Analogy via abstract concepts

One we have built up this structure, we can do more complicated inferences. Specifically, we can reason by analogy. Suppose we have two causes c1 and c2, which have some overlapping effects

$$ c_1 \rightarrow x_1, x_2, x_3, x_4, x_5 $$

$$ c_2 \rightarrow x_3, x_4, x_5, x_6, x_7 $$

Suppose we have another cause c3 and we are aware of some of its effects.
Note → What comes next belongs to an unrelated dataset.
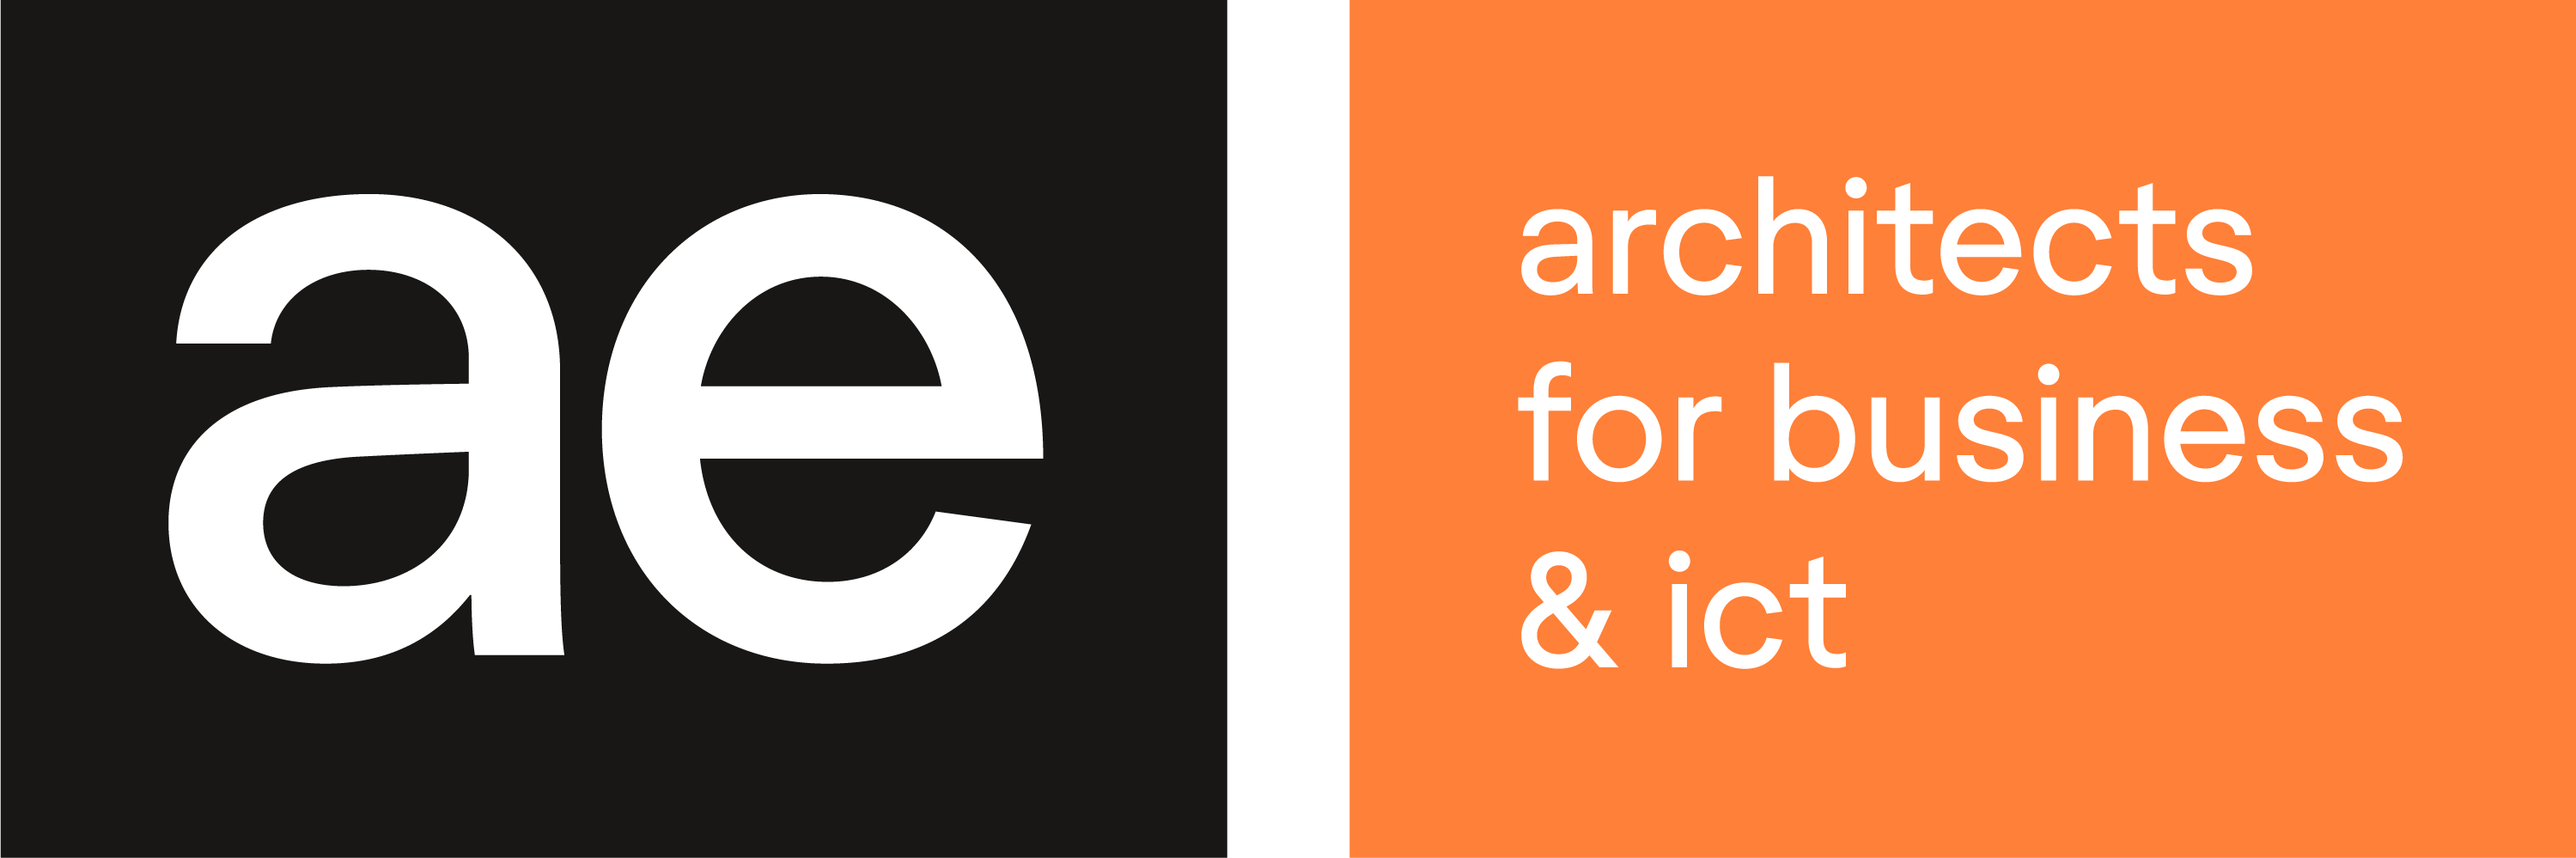 AE logo

$$ c_3 \rightarrow x_3, x_4,x_8, x_9 $$

c3's effects have an analogous structure to c1's and c2's. All three cause $x_3$ and $x_4$. We could make an inductive leap and assume c1, c2, and c3 bring about another hidden cause - $c_4$ - which causes $x_3$ and $x_4$, and perhaps also $x_5$

$$ c_1 \rightarrow c_4, x_1, x_2 $$ $$ c_2 \rightarrow c_4, x_6, x_7 $$ $$ c_3 \rightarrow c_4, x_8, x_9 $$ $$ c_4 \rightarrow x_3, x_4, x_5 $$

This is an inductive inference and isn't certain, but if this causal structure were true we would conclude that when $c_3$ is present, $x_5$ is present, even if we never observed the correlation between $x_5$ and the other effects of $c_3$. We formed the abstract concept $c_4$ that enables us to do inferences that wouldn't have been possible otherwise.

This inference is powerful because it allows transfer learning. We can learn some causal substructure that holds true no matter where it is found, including in novel hidden causes (or concepts). We don't have to determine the correlation from scratch every time.
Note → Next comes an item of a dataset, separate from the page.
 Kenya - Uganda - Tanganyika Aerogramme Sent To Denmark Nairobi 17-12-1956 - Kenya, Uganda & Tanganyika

Discovering and modeling these 'middle' hidden causes also protects our algorithm's assumption that the inputs are uncorrelated in the absence of the hidden cause.

Modus ponens

Suppose we know that a cause $c$ implies an effect $x_1$. Then when we determine the cause is present, we can validly conclude that the effect is also present.
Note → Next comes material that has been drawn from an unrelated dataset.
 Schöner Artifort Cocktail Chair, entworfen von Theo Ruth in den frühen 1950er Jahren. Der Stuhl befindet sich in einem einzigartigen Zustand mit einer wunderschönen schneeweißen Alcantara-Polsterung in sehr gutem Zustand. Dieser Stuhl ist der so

As an example, suppose we know that all men are mortal. That is, for any entity that contains all of properties of being a man (having DNA of homo sapiens, breathing oxygen, eating food, etc.), we can be certain that that entity has the property of being mortal. In the algorithm presented above, there are two steps: 1) determining the relationship between the features and the hidden cause, and 2) inferring the remainder of the features given a subset of them by determining the probability of the hidden cause. In this case, our 'hidden cause' of mortality is the state of being a man. In other words, being a man causes mortality. We can be certain of this through inductive generalization: we observe a million entities that all have correlated features $x_1$, $x_2$, ..., $x_n$. One of these properties is mortality, and we infer that the hidden cause that makes these properties probabilistically dependent is $y$: being a man. Now that we've determined the probabilistic relationship between the features and the hidden causes, when we see an entity walking down the street wearing a name tag that says "Hello my name is Socrates", by using the subset of features that are caused by the hidden cause, we determine the probability that the entity before us is a man. If we observe lots of properties, and $P(\neg y|x_1, x_2, x_3,...)$ is very low, we conclude with high certainty that the entity is a man. The deductive step immediately follows: because all men are mortal, and this is a man with high probability, then this is mortal with high probability.

If $\forall x(Ax \implies Bx) $, then we can think of A as being the entirety or part of a hidden (sufficient) cause for B.